**EXERCISE AIM**
Without its pictures, the listing below is to be transcribed exactly.
━━━━━ DATASET SECTION ━━━━━
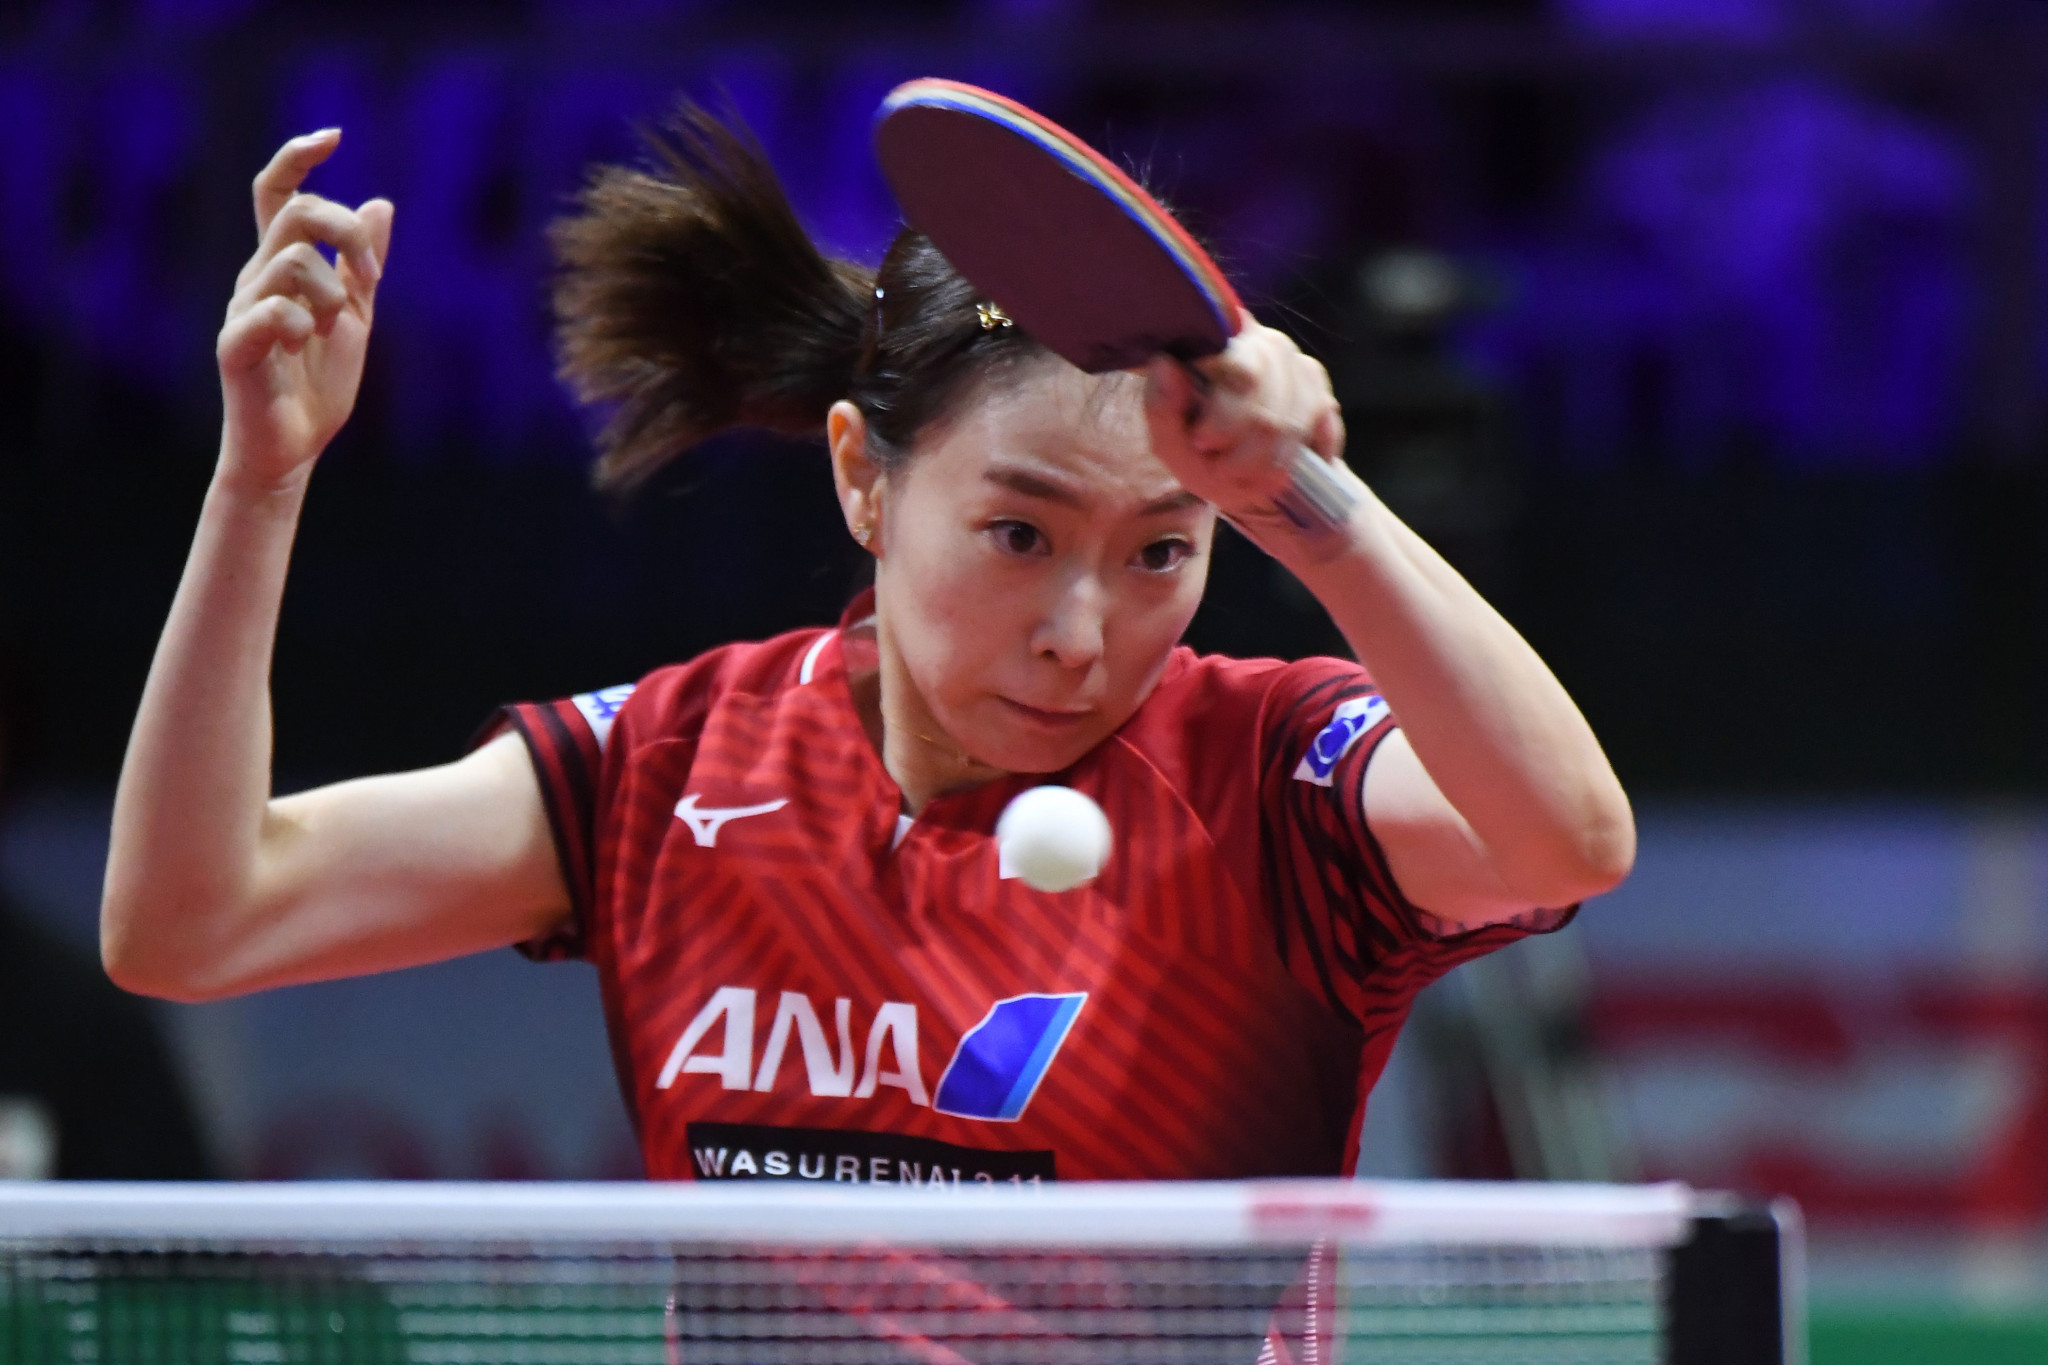 Top seed Kasumi Ishikawa of Japan will meet Portugal's Shao Jieni in the first round of the women's singles event ©Getty Images
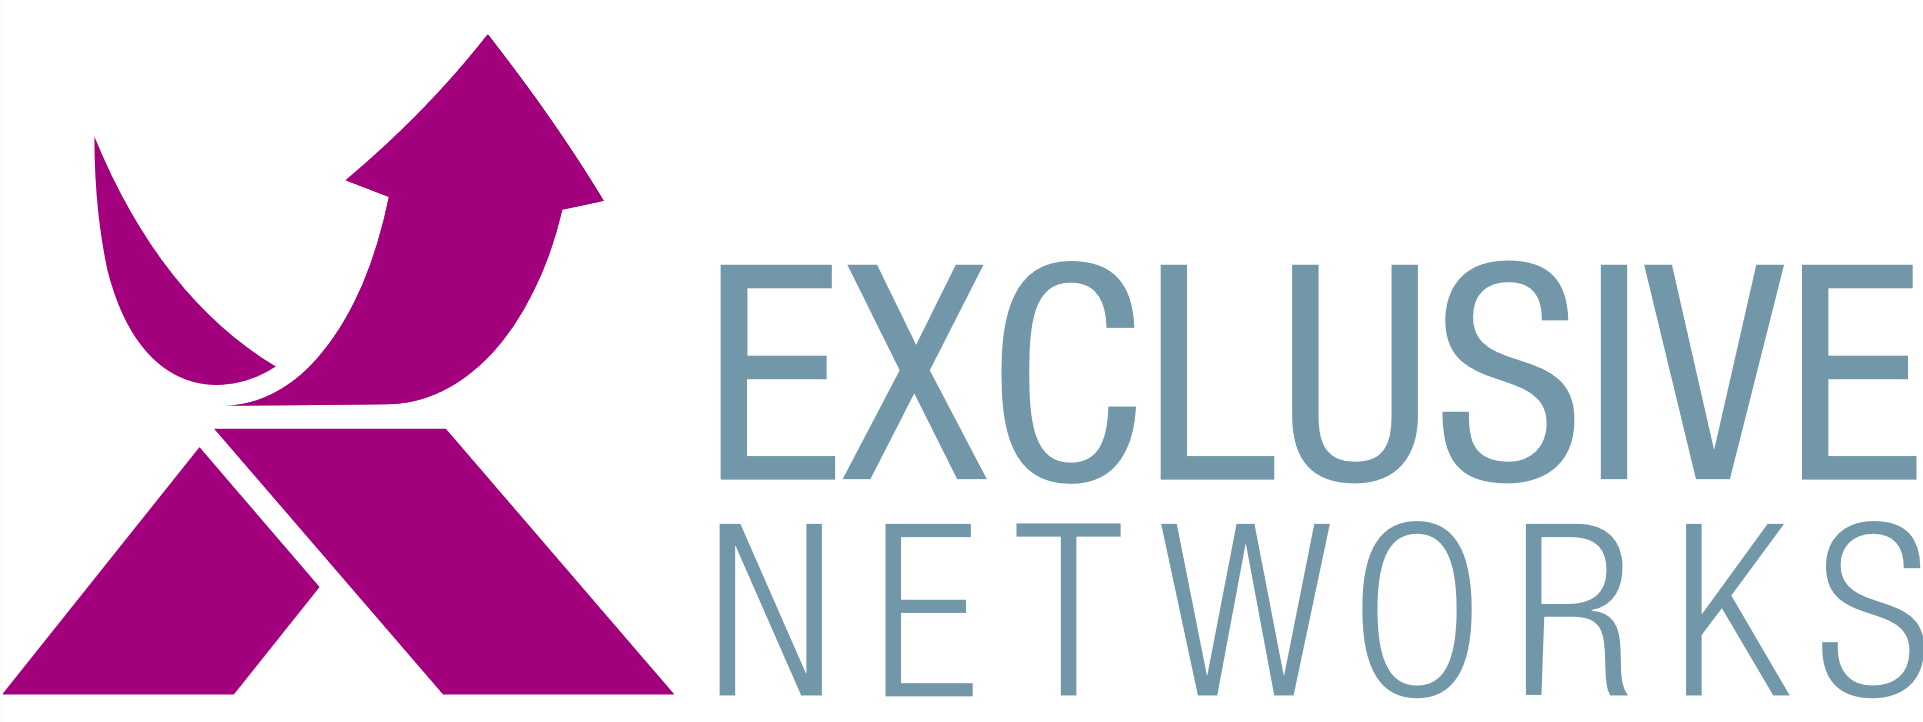 Exclusive_Networks_logo
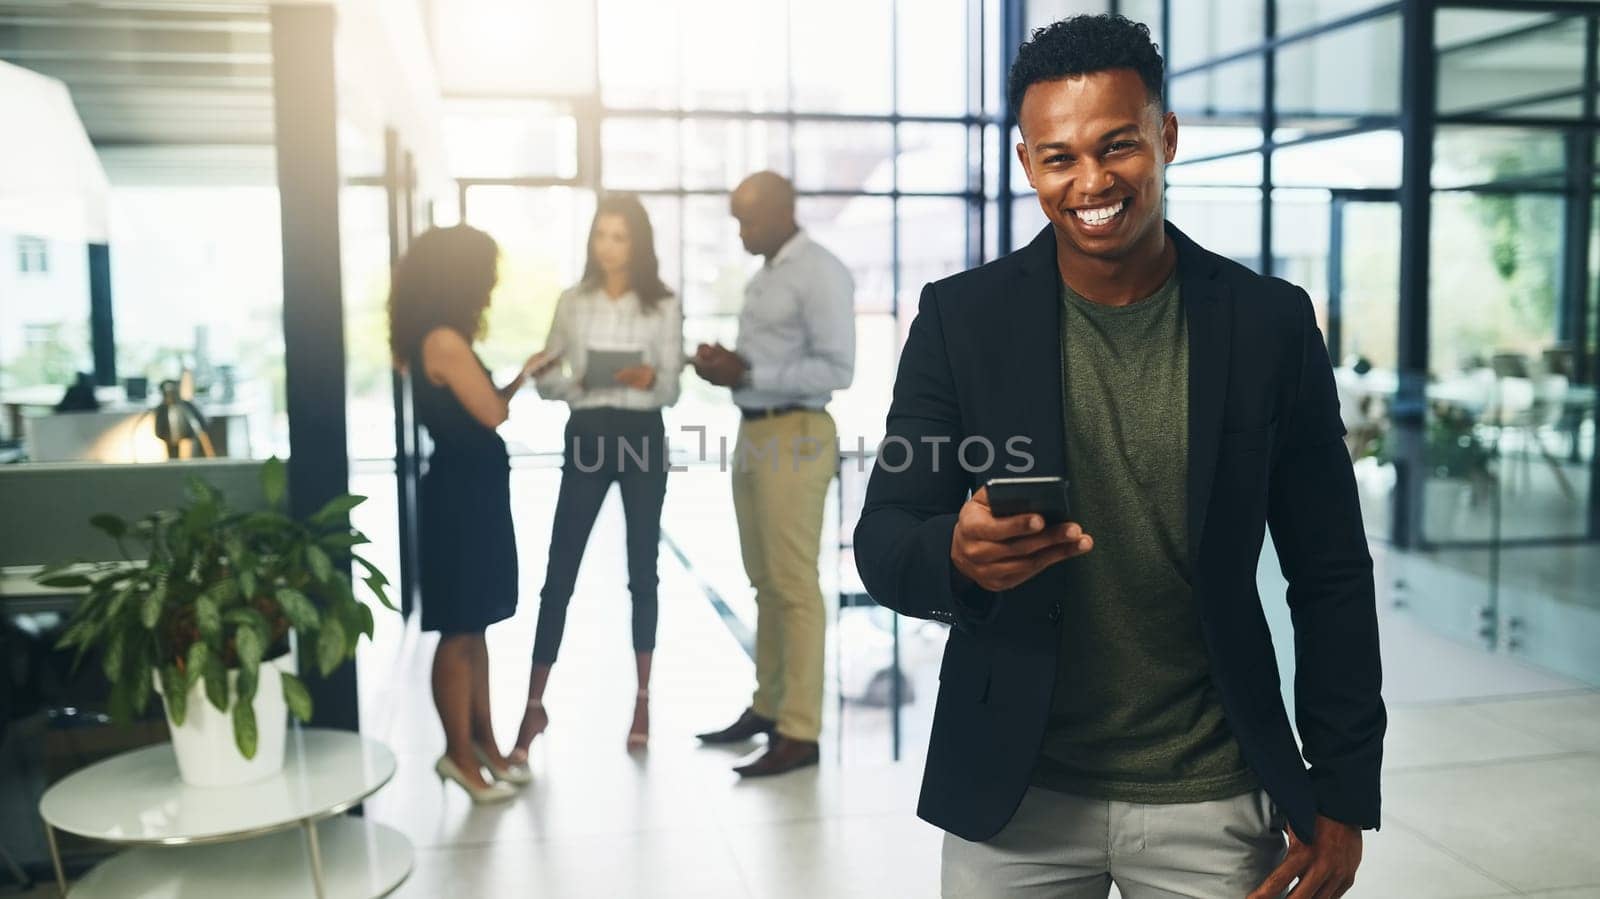 Technology helps me find all I need to operate business smoothly. Portrait of a young businessman using a cellphone in an office with his colleagues in the background. by YuriArcurs
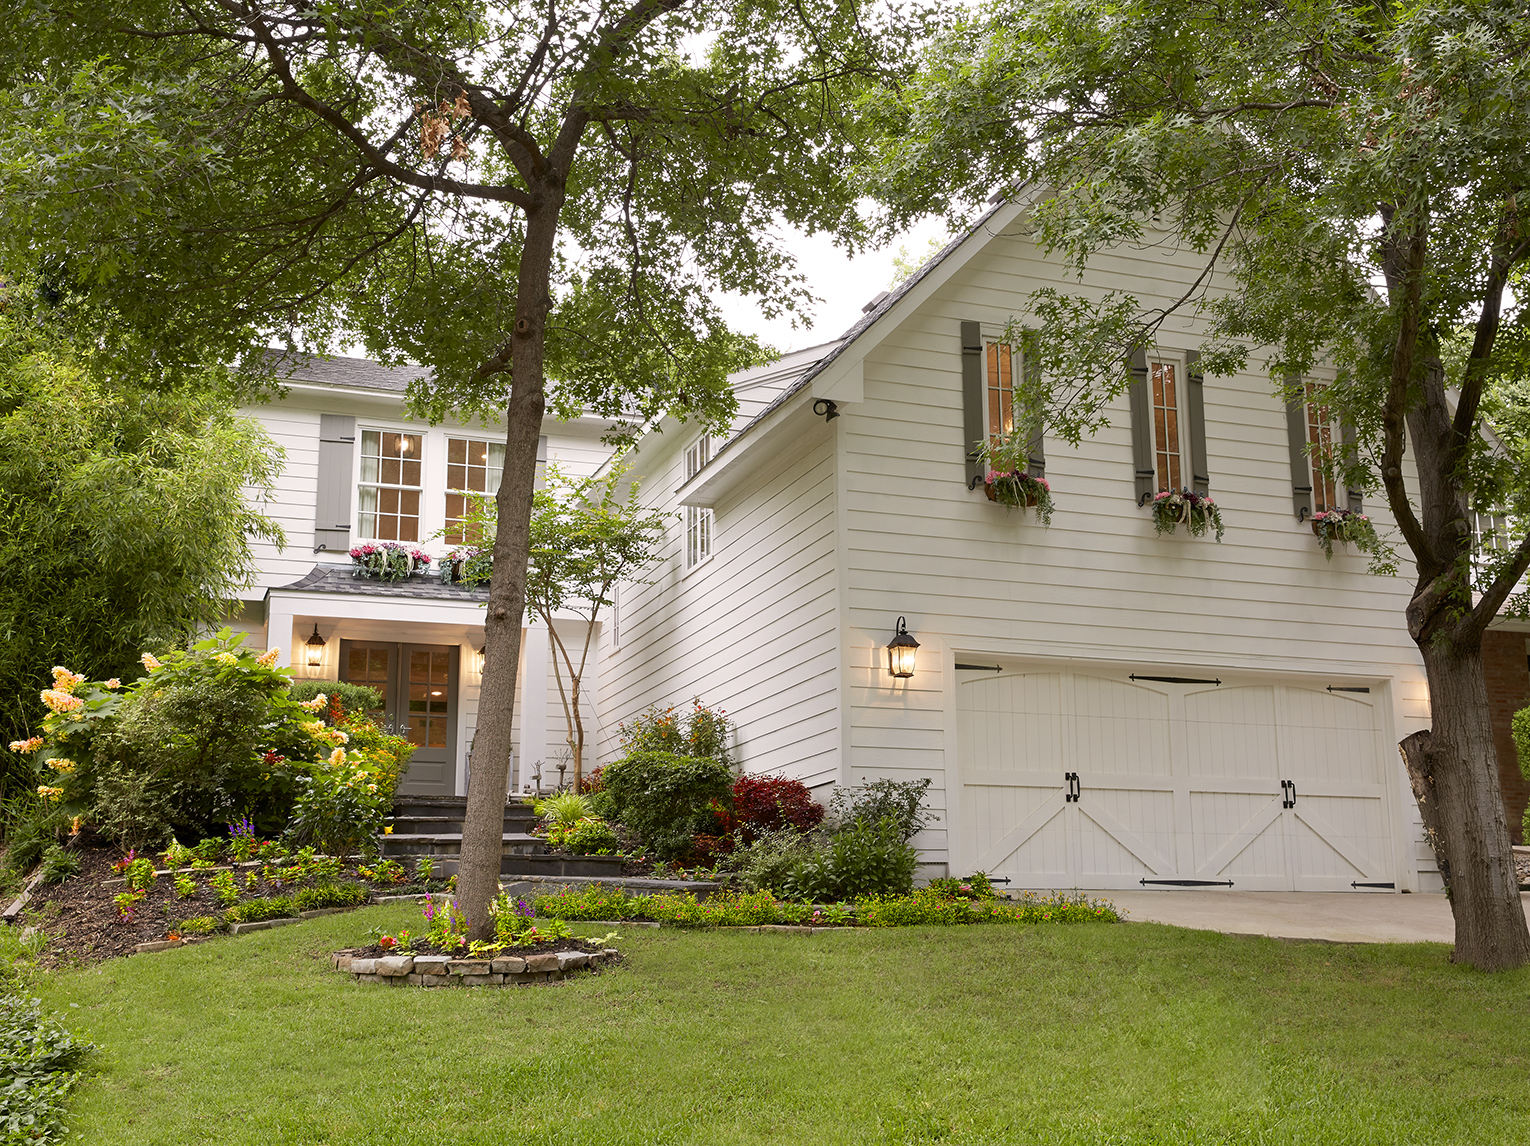 The farmhouse feel of the home’s exterior influenced Emily's decor choices for the interior. When her family purchased the home, she painted the front doors and added an overhang, shutters, flowerboxes and new landscaping.
━━━━━
**RESULT OF THE TASK**
 Top seed Kasumi Ishikawa of Japan will meet Portugal's Shao Jieni in the first round of the women's singles event ©Getty Images
 Exclusive_Networks_logo
 Technology helps me find all I need to operate business smoothly. Portrait of a young businessman using a cellphone in an office with his colleagues in the background. by YuriArcurs
 The farmhouse feel of the home’s exterior influenced Emily's decor choices for the interior. When her family purchased the home, she painted the front doors and added an overhang, shutters, flowerboxes and new landscaping.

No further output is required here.